> _RECORDS TO USE_:
-- Opening Marker --
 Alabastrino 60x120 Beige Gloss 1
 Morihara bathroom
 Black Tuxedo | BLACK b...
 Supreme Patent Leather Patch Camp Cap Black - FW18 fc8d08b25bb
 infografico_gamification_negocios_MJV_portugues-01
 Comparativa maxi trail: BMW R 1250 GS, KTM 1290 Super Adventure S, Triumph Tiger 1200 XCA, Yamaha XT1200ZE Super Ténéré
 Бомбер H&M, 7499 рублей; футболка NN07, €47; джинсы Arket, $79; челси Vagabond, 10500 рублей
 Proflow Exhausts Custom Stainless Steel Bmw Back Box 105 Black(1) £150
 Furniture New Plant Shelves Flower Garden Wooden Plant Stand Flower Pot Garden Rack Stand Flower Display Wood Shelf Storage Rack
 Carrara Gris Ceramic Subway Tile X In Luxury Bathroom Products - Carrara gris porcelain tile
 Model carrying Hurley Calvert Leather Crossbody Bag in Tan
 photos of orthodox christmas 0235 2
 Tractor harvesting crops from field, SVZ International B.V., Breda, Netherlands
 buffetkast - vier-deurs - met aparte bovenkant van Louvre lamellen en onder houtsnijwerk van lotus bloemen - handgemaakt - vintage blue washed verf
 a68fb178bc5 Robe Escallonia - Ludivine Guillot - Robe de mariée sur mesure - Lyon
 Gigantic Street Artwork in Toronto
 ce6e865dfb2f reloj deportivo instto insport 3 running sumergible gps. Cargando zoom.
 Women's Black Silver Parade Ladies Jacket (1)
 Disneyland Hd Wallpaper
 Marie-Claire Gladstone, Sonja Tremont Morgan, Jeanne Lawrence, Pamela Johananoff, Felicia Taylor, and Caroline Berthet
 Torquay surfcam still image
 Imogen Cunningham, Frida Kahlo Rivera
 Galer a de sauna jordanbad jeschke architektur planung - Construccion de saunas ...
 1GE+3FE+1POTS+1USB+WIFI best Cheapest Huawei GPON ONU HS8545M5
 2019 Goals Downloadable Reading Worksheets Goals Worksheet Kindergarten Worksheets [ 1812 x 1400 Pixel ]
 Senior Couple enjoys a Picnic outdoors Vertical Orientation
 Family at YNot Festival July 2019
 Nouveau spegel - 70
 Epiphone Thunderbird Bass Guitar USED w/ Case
-- Closing Marker --
> _WHAT YOU HAVE TO DO_: Could you return the data above exactly as it stands?

> _RESULT OF THE TASK_:
 Alabastrino 60x120 Beige Gloss 1
 Morihara bathroom
 Black Tuxedo | BLACK b...
 Supreme Patent Leather Patch Camp Cap Black - FW18 fc8d08b25bb
 infografico_gamification_negocios_MJV_portugues-01
 Comparativa maxi trail: BMW R 1250 GS, KTM 1290 Super Adventure S, Triumph Tiger 1200 XCA, Yamaha XT1200ZE Super Ténéré
 Бомбер H&M, 7499 рублей; футболка NN07, €47; джинсы Arket, $79; челси Vagabond, 10500 рублей
 Proflow Exhausts Custom Stainless Steel Bmw Back Box 105 Black(1) £150
 Furniture New Plant Shelves Flower Garden Wooden Plant Stand Flower Pot Garden Rack Stand Flower Display Wood Shelf Storage Rack
 Carrara Gris Ceramic Subway Tile X In Luxury Bathroom Products - Carrara gris porcelain tile
 Model carrying Hurley Calvert Leather Crossbody Bag in Tan
 photos of orthodox christmas 0235 2
 Tractor harvesting crops from field, SVZ International B.V., Breda, Netherlands
 buffetkast - vier-deurs - met aparte bovenkant van Louvre lamellen en onder houtsnijwerk van lotus bloemen - handgemaakt - vintage blue washed verf
 a68fb178bc5 Robe Escallonia - Ludivine Guillot - Robe de mariée sur mesure - Lyon
 Gigantic Street Artwork in Toronto
 ce6e865dfb2f reloj deportivo instto insport 3 running sumergible gps. Cargando zoom.
 Women's Black Silver Parade Ladies Jacket (1)
 Disneyland Hd Wallpaper
 Marie-Claire Gladstone, Sonja Tremont Morgan, Jeanne Lawrence, Pamela Johananoff, Felicia Taylor, and Caroline Berthet
 Torquay surfcam still image
 Imogen Cunningham, Frida Kahlo Rivera
 Galer a de sauna jordanbad jeschke architektur planung - Construccion de saunas ...
 1GE+3FE+1POTS+1USB+WIFI best Cheapest Huawei GPON ONU HS8545M5
 2019 Goals Downloadable Reading Worksheets Goals Worksheet Kindergarten Worksheets [ 1812 x 1400 Pixel ]
 Senior Couple enjoys a Picnic outdoors Vertical Orientation
 Family at YNot Festival July 2019
 Nouveau spegel - 70
 Epiphone Thunderbird Bass Guitar USED w/ Case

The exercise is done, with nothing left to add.